Trafo Gallery prepared a solo exhibition of the Slovak author living in Vienna, captivating. They break free from the linearity of inexorable time, and elevate even the most banal moments of everyday life to smaller or larger miracles. The title of the exhibition Die Kraft then refers to strength, energy, the drive to act and survive, which models the path of one's own direction. The basis of this "power" is the ability, determination and will to act. The curator of the exhibition is Petr Vaňous.
The world, which is experienced as a harsh arena to defend one's own existence, in the paintings of Silvia Krivošíková's acquires the aura of fairy-tale or ballad-tuned stories, in which human determination and vitality are measured against life's obstacles of various types and severity. From ordinary everyday hardships to fateful turning points in life, which can derail a person for a while or completely. It is precisely from the tension between real reality and her free painterly grasp, which is not far from generalizing poetic imagery, that magical atmosphere of sanctity emerges. This atmosphere floats above everything and permeates everything as the spirit of what is and should be good. The connection to objectivity is here symbolically conditioned by the inner intention of a person who naturally aims for his goal. For Silvia, it is fulfilled femininity and motherhood that form the basic thematic outline of the entire painting.
The eternal priorities symbolized in Silvia Krivošíková's work reveled here by the choice of relationships between objects, figures and space, whose contours refer to the generally known world, while their meaning cores are shifted to the realm of purely personal, authentic experience. The basic motif, which is often repeated here in various forms, is the dumbbell. The author transforms the tool intended for strengthening muscles into the symbolic level of a "relic". She equates it with the representation of power itself. The images are permeated with ironic belittling, as a defense against the constantly encroaching and decaying melancholy. The dumbbell represents a repetitive activity, a meaningful stereotype, with which the body and mind defend against apathy and sadness.
But it can just as well become a prison of unbearable drill, with which an empty, non sensical activity is carried out, which in its mechanicalness has long since missed the intended goal. The stereotype motif is another key moment in the artist's pictorial world.
It is a defense against the mechanisms that convert the experience of day and night into a reduction of endlessly unfolding same actions, habits, worries and duties. Against this psychotic automation and robotization of the individual, motivated by social "concern", the author sets the vitality of the moment into which another dimension of authentic experience enters, which reveals the emancipatory potential.

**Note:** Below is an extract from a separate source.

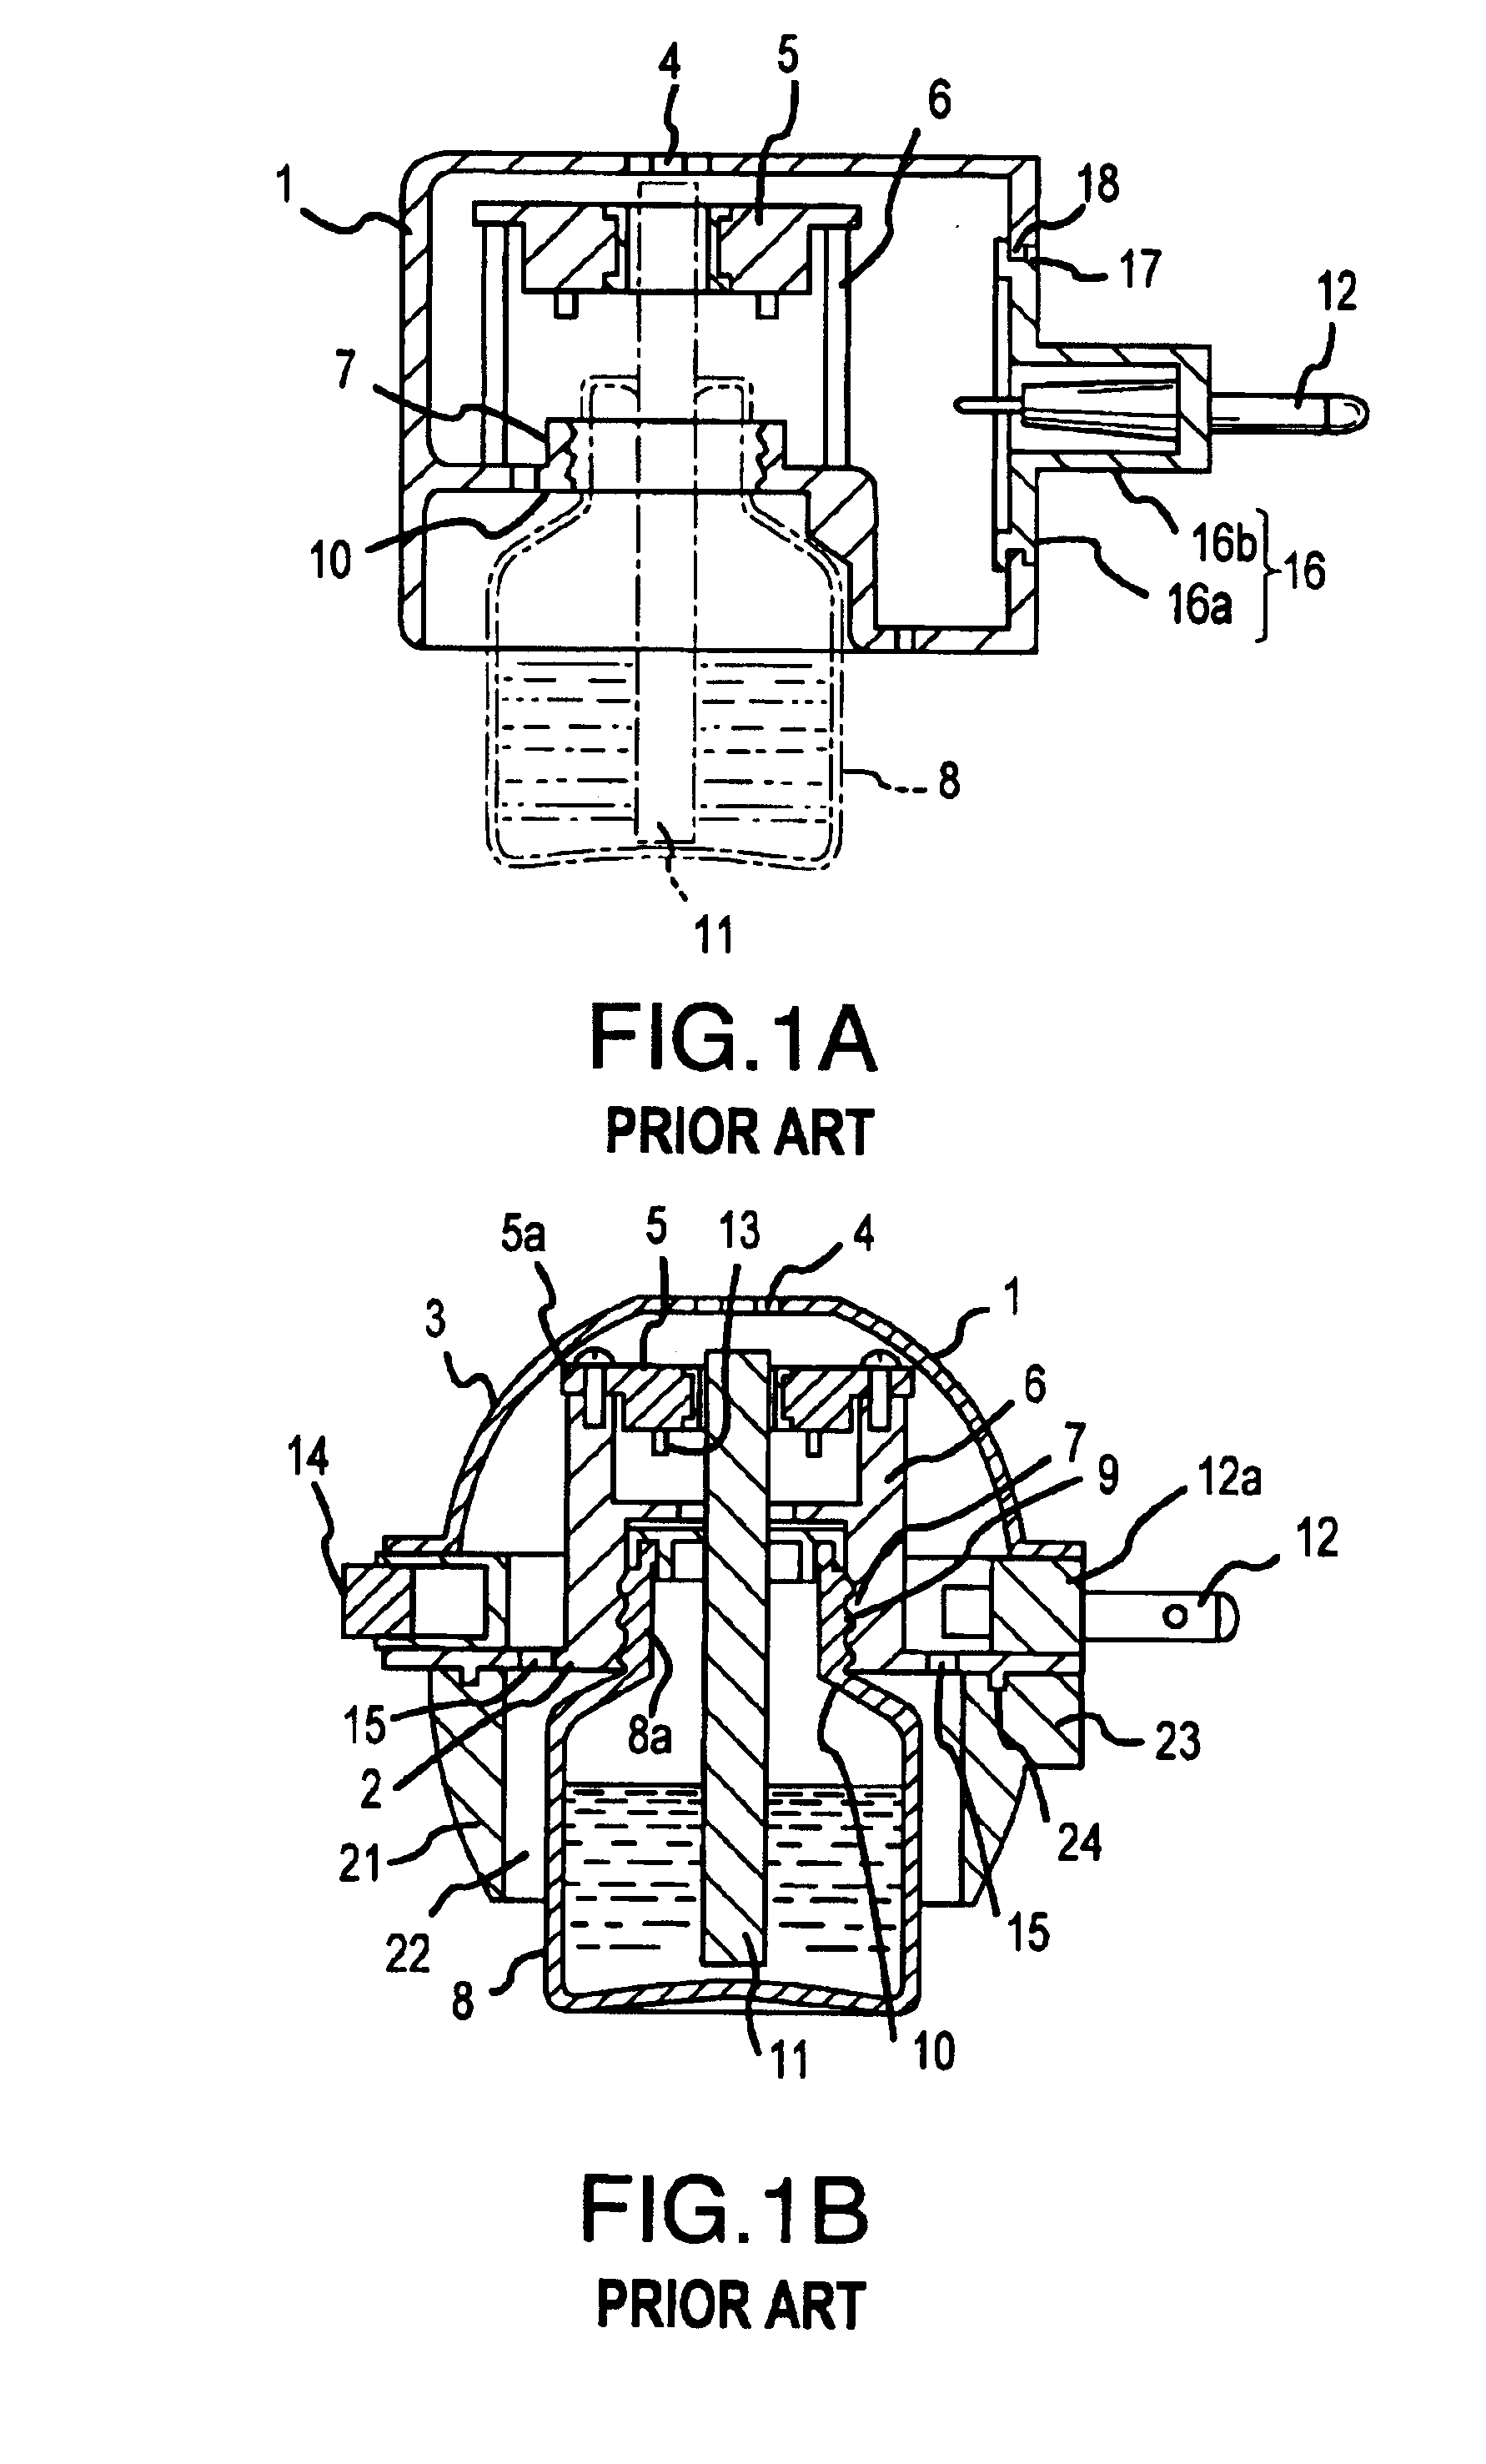 Method and apparatus for positioning a wick material in a vapor-dispensing device

Some of Krivošíková's paintings seem to have played backwards in their narrative.
It's as if the causal logics were going back in time, exposing the hidden reasons and over substantiation of the story. Tragic moments are balanced by grotesque stylization or an emphasis on the unnatural, artificial movement of the executives. At the same time, her works function as a poetic defense against the processes of alienation and at the same time are felt as a basic life need and necessity. They personify everything that is important to the author in her life. Child, relationship, food, home, rest, work, joy in little things that can have a surprising butterfly effect for restoring vitality.